Joyce Glasser reviews Widow Clicquot (August 30, 2024) Cert 15, 90 mins. In cinemas
The phrase “missed opportunity” has seldom been more apt than it is when applied to Thomas Napper’s biopic of Barbe-Nicole Ponsardin Clicquot, known in champagne circles as La Veuve (or the Widow) Clicquot. Why isn’t this quintessentially French biopic – Clicquot champagne is one of France’s oldest and best-known exports – in French? This is the little-known story of a real-life French woman: a contemporary of the fictionalised The Count of Monte Cristo, who appears in a terrific French adaptation of that novel that is also released this week.
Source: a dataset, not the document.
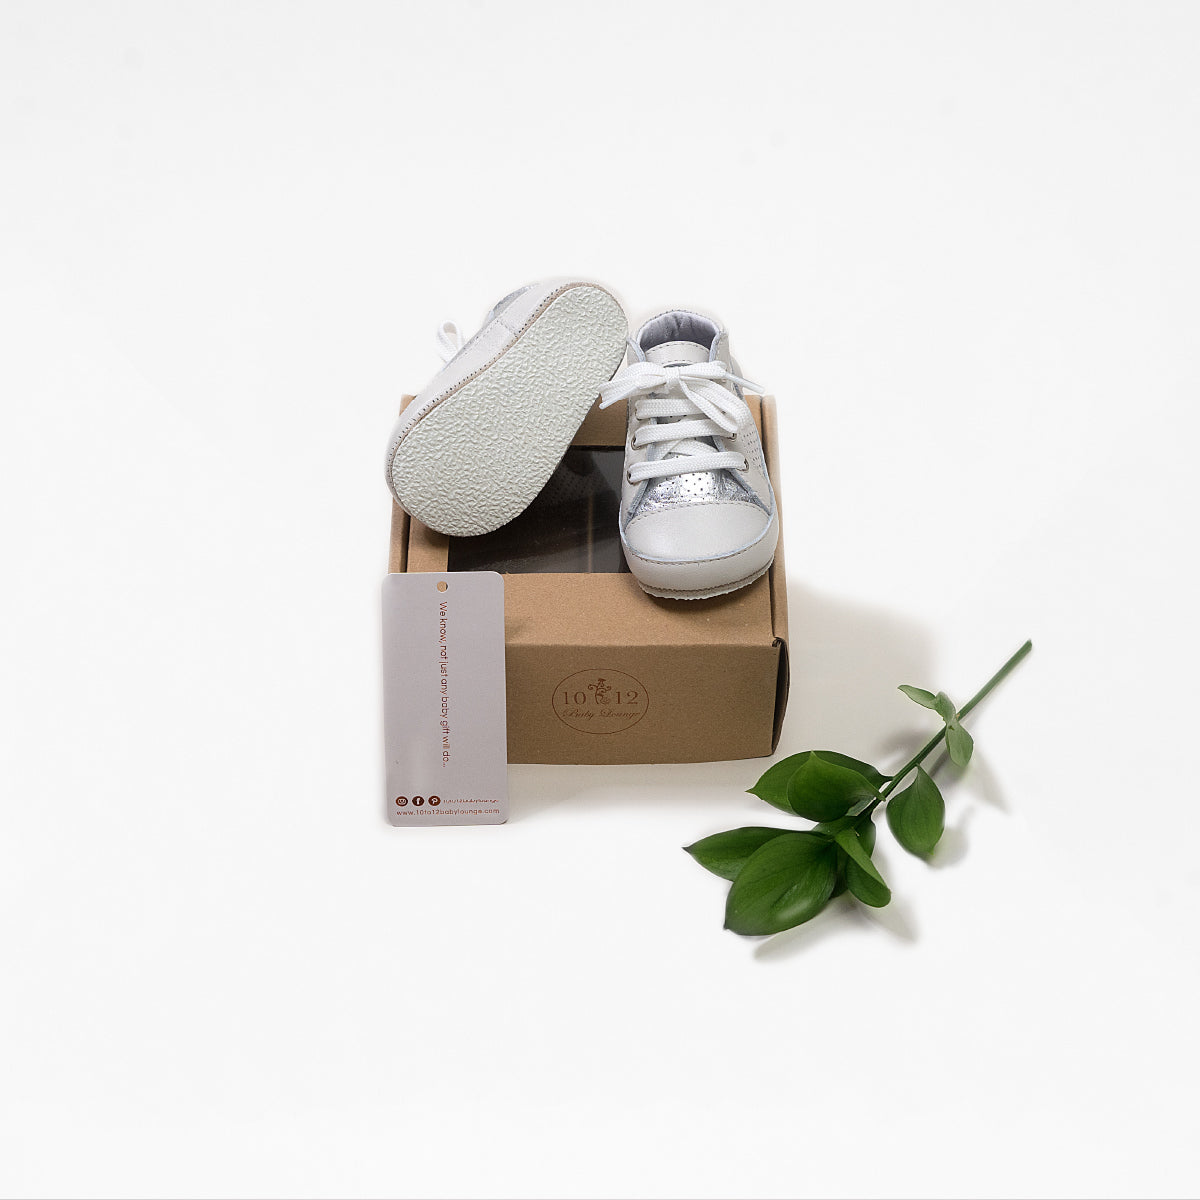 Baby Baller Sneakers - Silver - Product Shot with the Box1

The real missed opportunity is that having secured the rights to Tilar Mazzeo’s 2008 biography, Napper’s direction and Erin Dignam’s script squander the occasion to highlight the life of a brilliant, creative and intuitive businesswoman at a time when, under the Napoleonic Code, only widows had rights to property (hence the company name) and almost no women ran businesses.
Instead, from Haley Bennett’s barely audible – whispery, meek and low-throated – voice to a camera fixated on her ample, lily-white bosom, Barbe-Nicole’s life has been reduced to a tragic love story. The empire she built is – through continual flashbacks – attributed to her emotional debt to her handsome, loving husband François Clicquot (Tom Sturridge). François became his father Philippe’s partner and took over the business at a young age. The innovative young man did the groundwork on which his widow would build before his untimely death at 30.
To consolidate their huge, rival textile businesses, the father of Barbe-Nicole Ponsardin, 21 and Philippe Clicquot (Ben Miles), the father of François, 23, married their children in 1798. Fortunately, as the film spends a long time showing, the two are in love. François involves Barbe-Nicole in his plans for focusing on the increasingly successful wine segment of their parents’ business, while she raises their daughter.
Seven blissful, save for François’s increasingly erratic behaviour, years after their marriage François is found dead, in a possible suicide. The official cause of death was a fever from typhoid, but the filmmakers dismiss this for the more romantic alternative and milk it for all it’s worth.
Phillipe, advanced in years and devastated by his son’s death, wants to liquidate the business. Barbe-Nicole asserts what rights she has and agrees to many conditions, including an internship, before she convinces Philipe to let her take over.
Fortunately, she has the guidance of – not to mention a dramatised sexual relationship with – the efficient Louis Bohme (Sam Riley). Bohme was a travelling salesman extraordinaire who, though this is not dramatised, François met on one of his many European business trips.
While this sexual relationship has no role in the official Maison Clicquot story, Edouard Werlé (Anson Boon), born Eduard Werler in Prussia, has a big role. But alas, it’s not romantic, so he remains such a minor character in the film you are never quite sure who he is.
But Werler is central to Barbe-Nicole’s story. When, in 1828 he arrives in Reims looking for a job, Barbe-Nicole, a good judge of character, recognises something in the young man despite the fact he’s Prussian. Under her guidance he goes through the ranks until, as the company’s Commercial Director, he opens the lucrative British and US markets for the House.
Long before Harvard Business School put cases about the failure of family businesses to train successors on the curriculum, Barbe-Nicole was ensuring the longevity of her empire by grooming Werlé (although why she did not train her daughter is another film). And when Barbe-Nicole died, Werlé took over the company adding his name to the labels.
Speaking of labels, there is almost nothing in the film about how Barbe-Nicole protected the copyright of her champagne as well as enhanced the marketing, by the design of the labels and the corks. But that’s not a surprise because Barbe-Nicole’s biggest invention, a riddling machine, receives barely a mention.
Yes, we see Barbe Nicole in her drawing room, tackling cloudy, super sweet wine with large bubbles that emerged after the second fermentation. But we are not really sure what she’s doing. The process of riddling did away with these problems, and the breakthrough was a game changer, ultimately copied by the competition but not before Clicquot was the market leader.
The emergence of rosé wine and champagne is another Clicquot success story that is passed over for repeated flashbacks of Barbe-Nicole, bosom heaving, and the Chattertonesque François’s romantic suicide.
What is dramatised albeit half-heartedly, is Barbe-Nicole’s biggest gamble of her career, defying Napoleon’s blockade of Russia by ensuring her bottles flooded the Russian palaces and drawing rooms following the war.
Unfortunately, Napper guarantees that all the suspense of this tense episode of La Veuve’s early career is removed from the event. The camera only leaves the chateau (the film was shot on location) once, for a pointless court case where Barbe-Nicole puts her company ahead of her personal life in a bold and defiant statement. If only the film had done the same.